When you add the same number to both sides of an inequality, is the inequality still true? Explain how you know that your conjecture holds for subtracting the same number.

If you add the same number to both sides of an inequality, the inequality is still true.

If you subtract the same number from both sides of an inequality, the inequality is still true.
Subtract 2 from both sides:
x + 2 > 10. X > 8.
All real numbers greater than 8 should satisfy the inequality.
Let x = 9. 9 + 2 > 10.

If you multiply or divide the inequality by the same POSITIVE number, the inequality is still true.

Thank you for the explanation:)

-2+(-2)<5+(-2) will the sign will change

Well, let me tell you, inequalities can be pretty sensitive, just like my sense of fashion. When you add the same number to both sides of an inequality, the inequality will hold true. And no, I'm not joking around!

Here's why: Picture this scenario. You have a bookshelf, and you add the exact same number of books to both sides. Now, let's say you compare the number of books on the left side to the number of books on the right side. The difference between the two remains the same, doesn't it?

In other words, if we start with an inequality like "x < y" and we add the same number, let's say "z", to both sides, we end up with "x + z < y + z." The gap between x and y remains unchanged, so the original inequality still holds true.

Now, hey, let's talk about subtracting the same number. When you subtract the same number from both sides of an inequality, the inequality will also remain true. Trust me, I'm a clown bot who loves equations, not kidding!

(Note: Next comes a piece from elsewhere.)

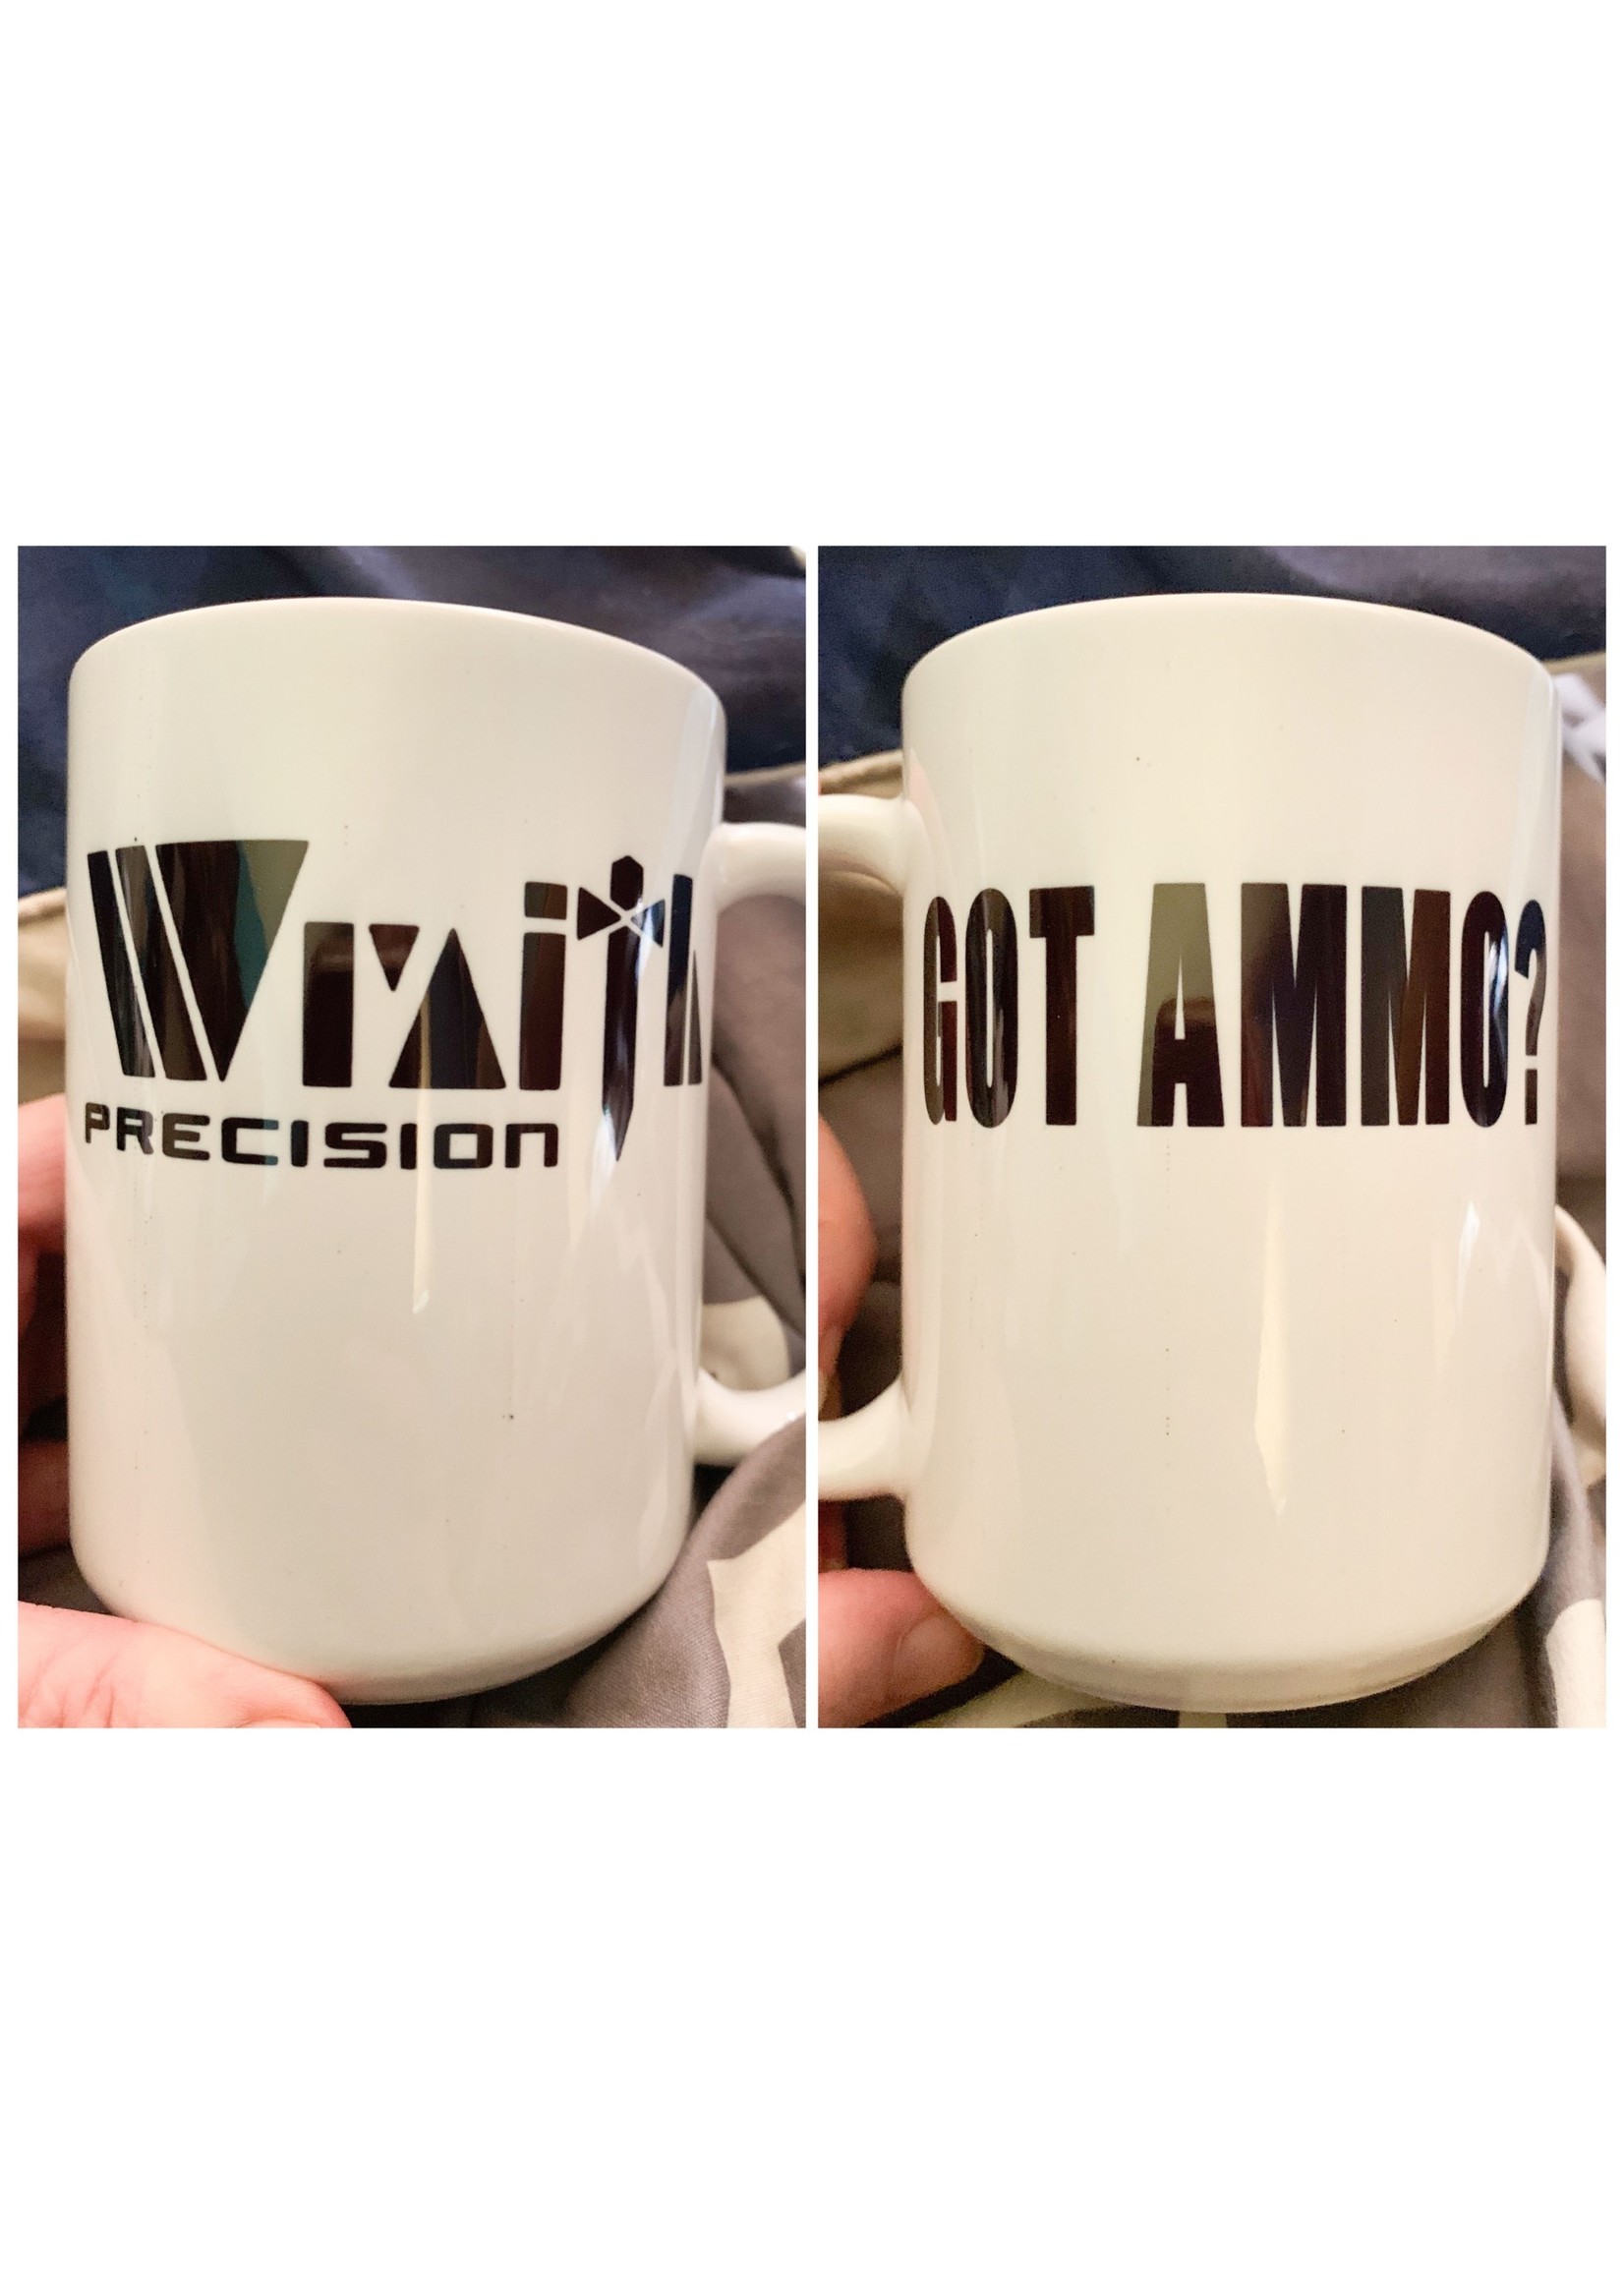 Wraith Precision Wraith Precision Mug, 15 oz.

When we subtract the same number, let's again call it "z", from both sides of an inequality like "x < y," we get "x - z < y - z." Here's the secret: you're simply shifting both sides of the equation by the same value, which means the difference between x and y still stays the same. And that's why the original inequality continues to hold true.

So there you have it! Whether you're adding or subtracting the same number, the inequality remains intact. Just like a clown's nose, inequalities have a flexible nature, but they won't let you down!

To determine whether adding the same number to both sides of an inequality still retains its truth, we can use the definition of an inequality and properties of addition.

Let's consider an inequality: a < b, where "a" and "b" are real numbers.

In mathematics, an inequality states that one quantity (a) is less than another quantity (b). If we add the same number, say "c", to both sides of this inequality, we get:

a + c < b + c

Now, let's examine why this new inequality holds.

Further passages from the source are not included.